▶ ACTION ITEM
Using the data below, output a verbatim copy of the lines between the one holding "Home Garden And" and the one holding "6 Sublimation Mug", inclusive, without any pictures.
══ AVAILABLE RECORDS
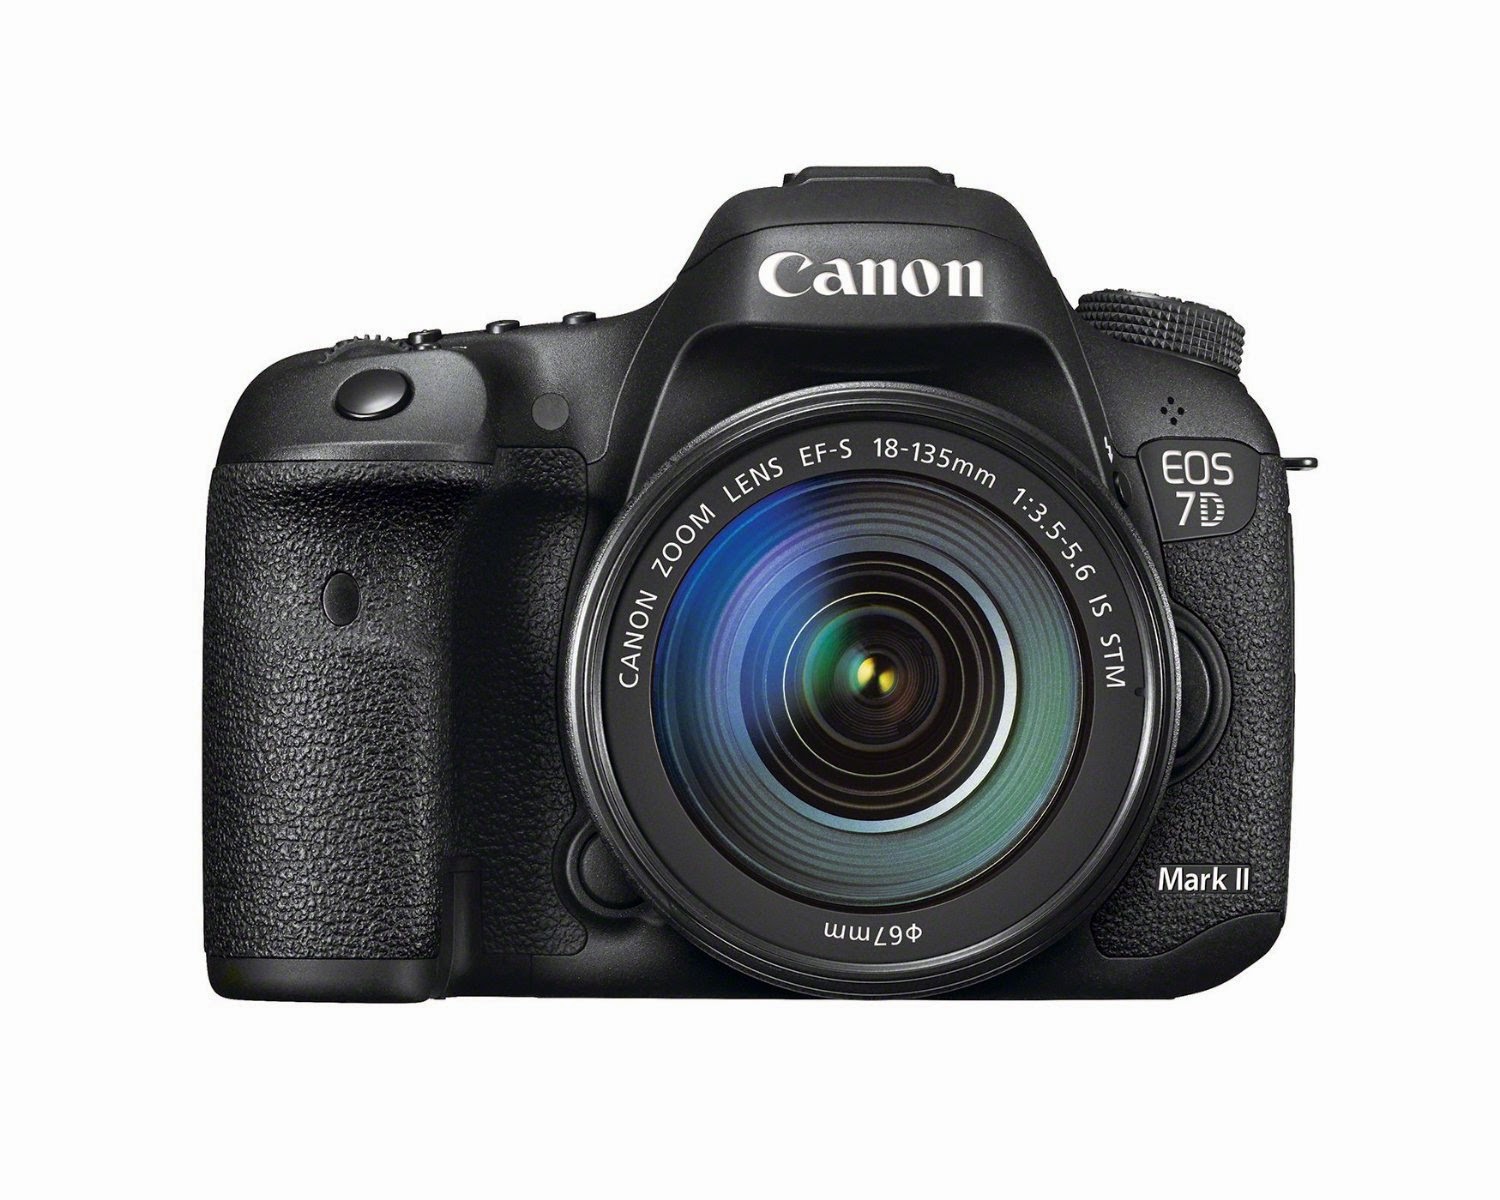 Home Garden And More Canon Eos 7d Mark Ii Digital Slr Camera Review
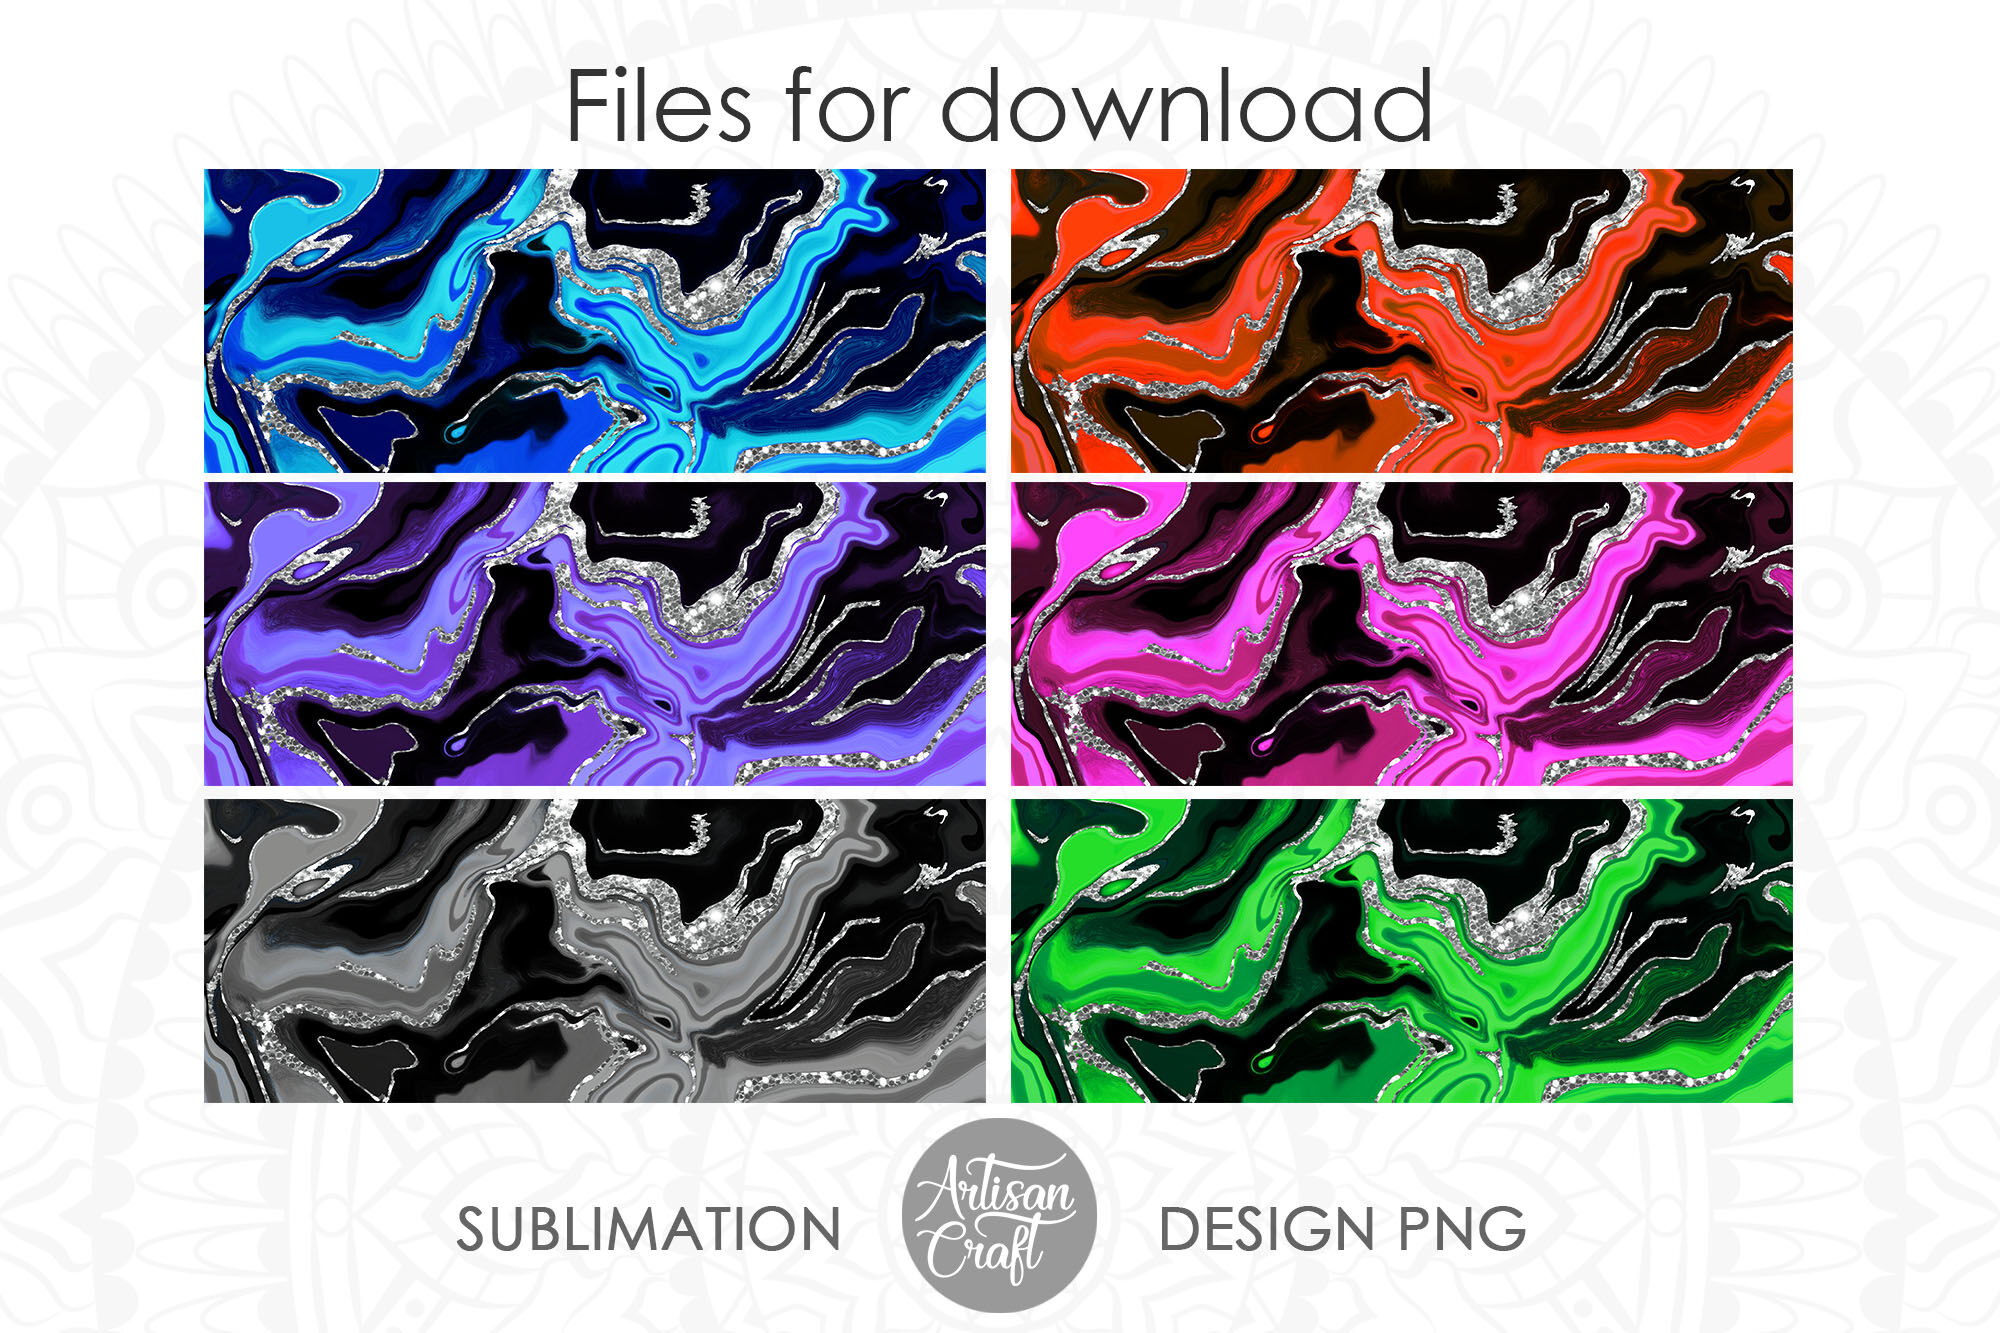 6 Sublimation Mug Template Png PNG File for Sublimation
════
══ AVAILABLE RECORDS
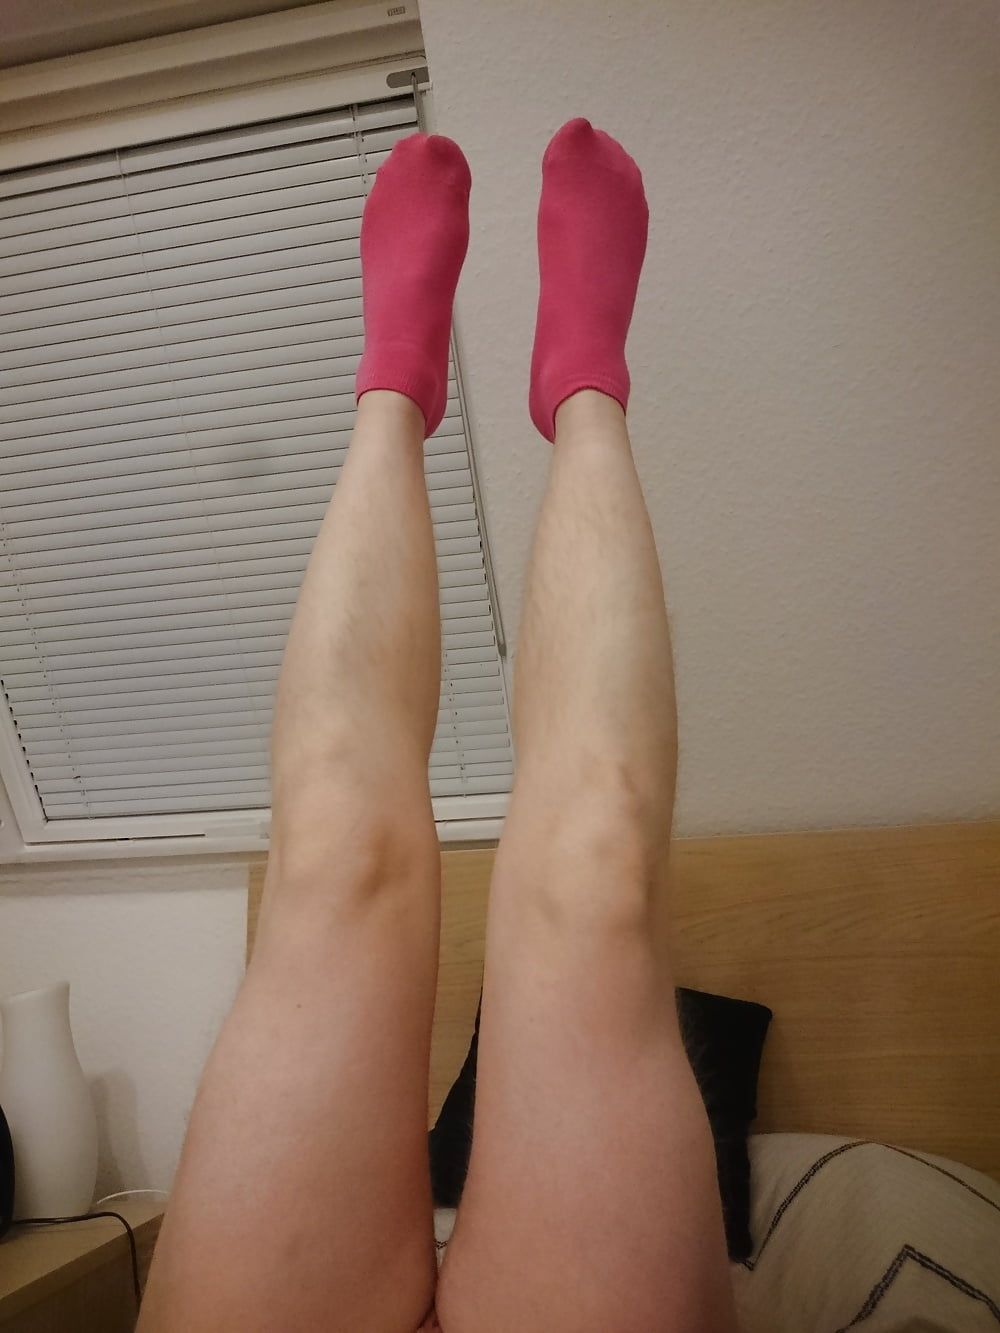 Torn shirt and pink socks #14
════
══ AVAILABLE RECORDS
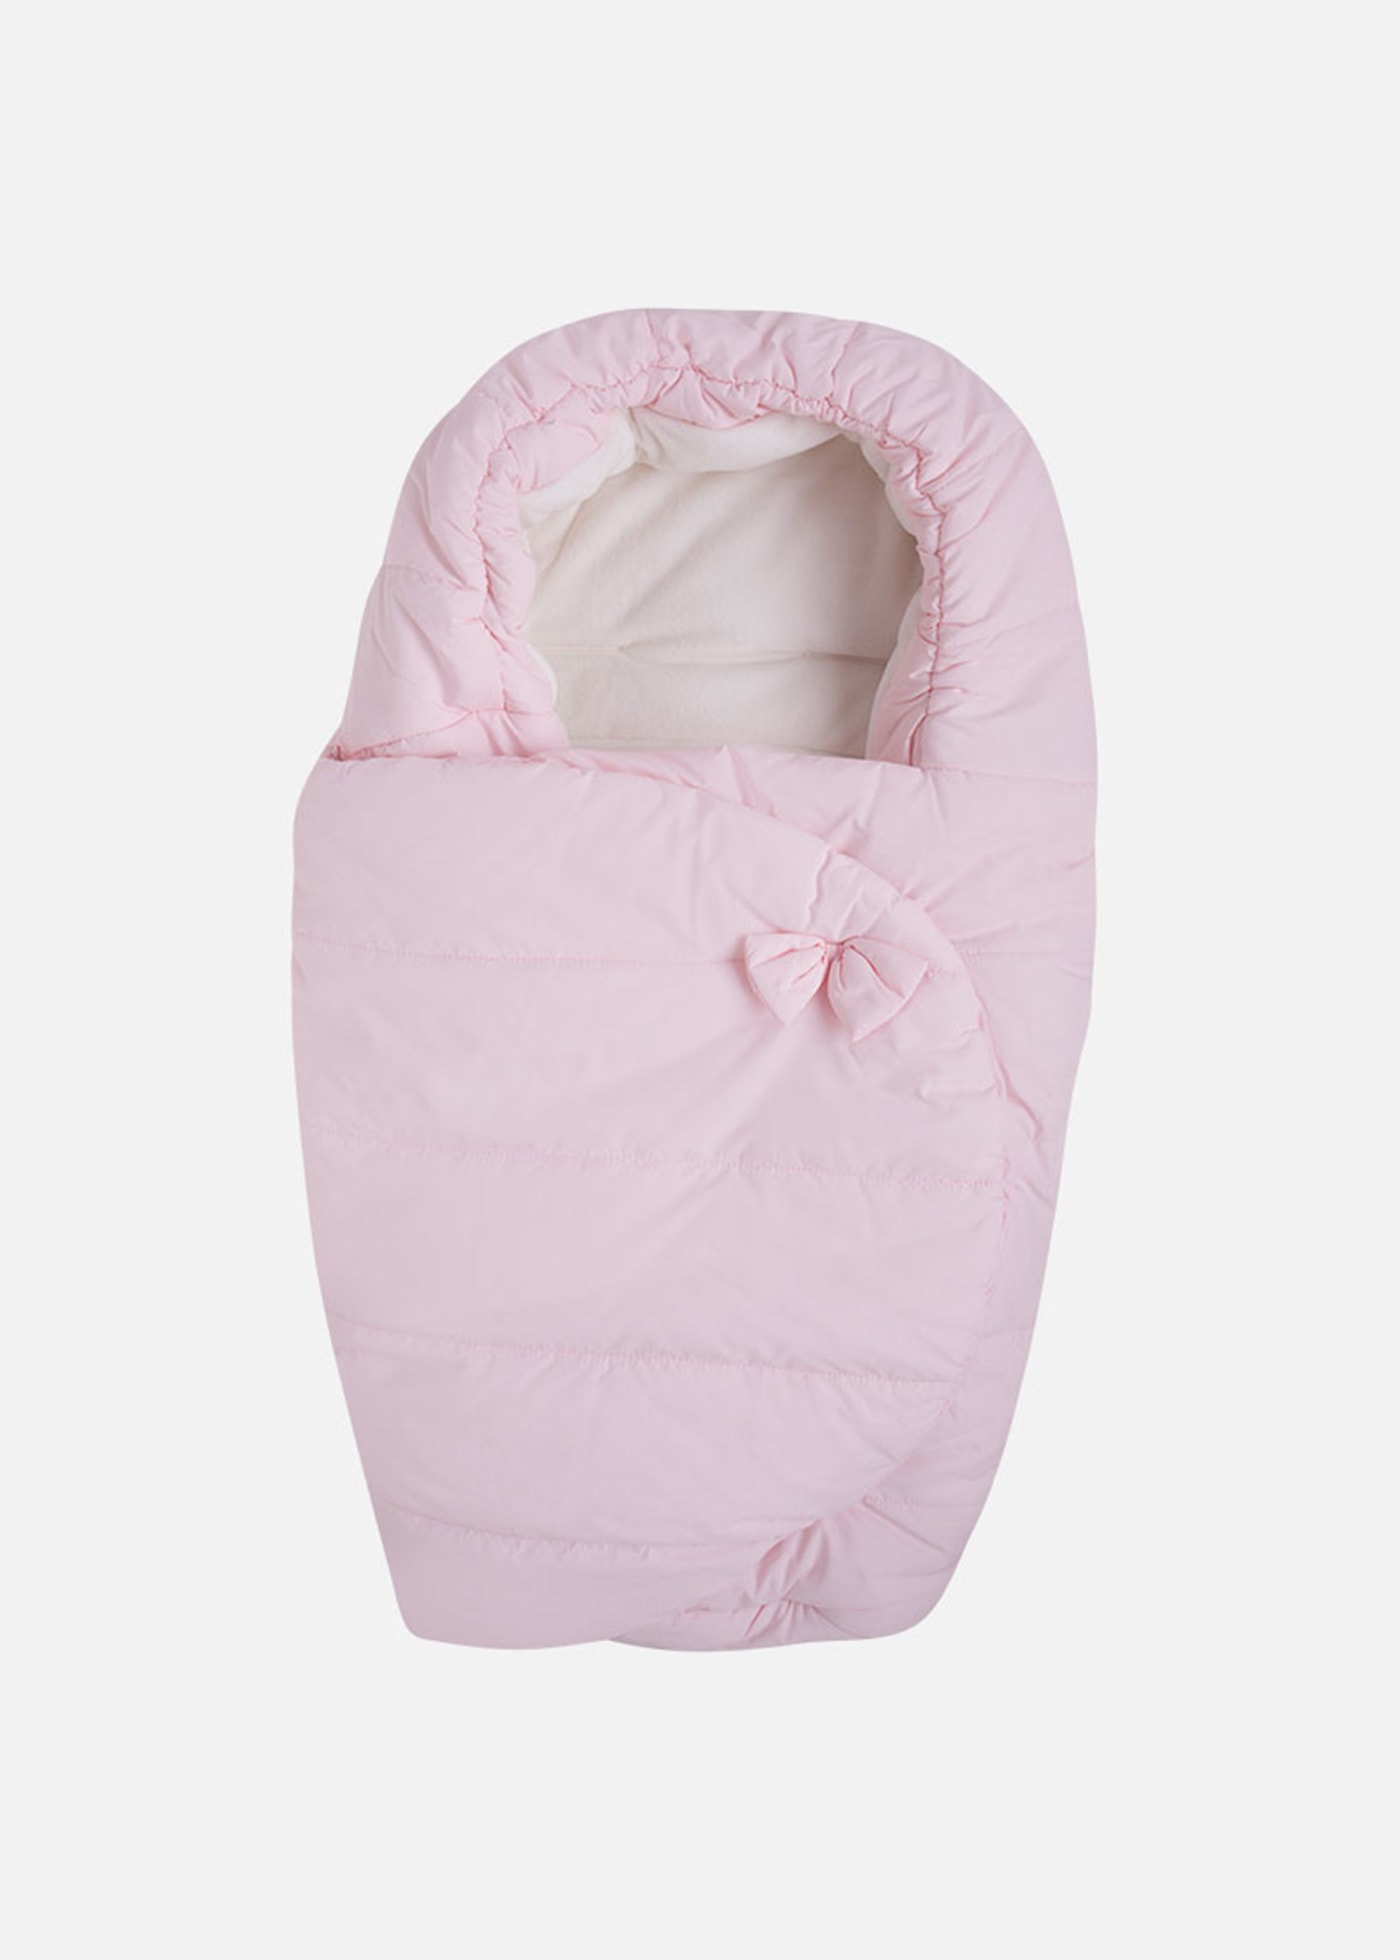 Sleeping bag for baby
════
▶ SOLUTION
 Home Garden And More Canon Eos 7d Mark Ii Digital Slr Camera Review
 6 Sublimation Mug Template Png PNG File for Sublimation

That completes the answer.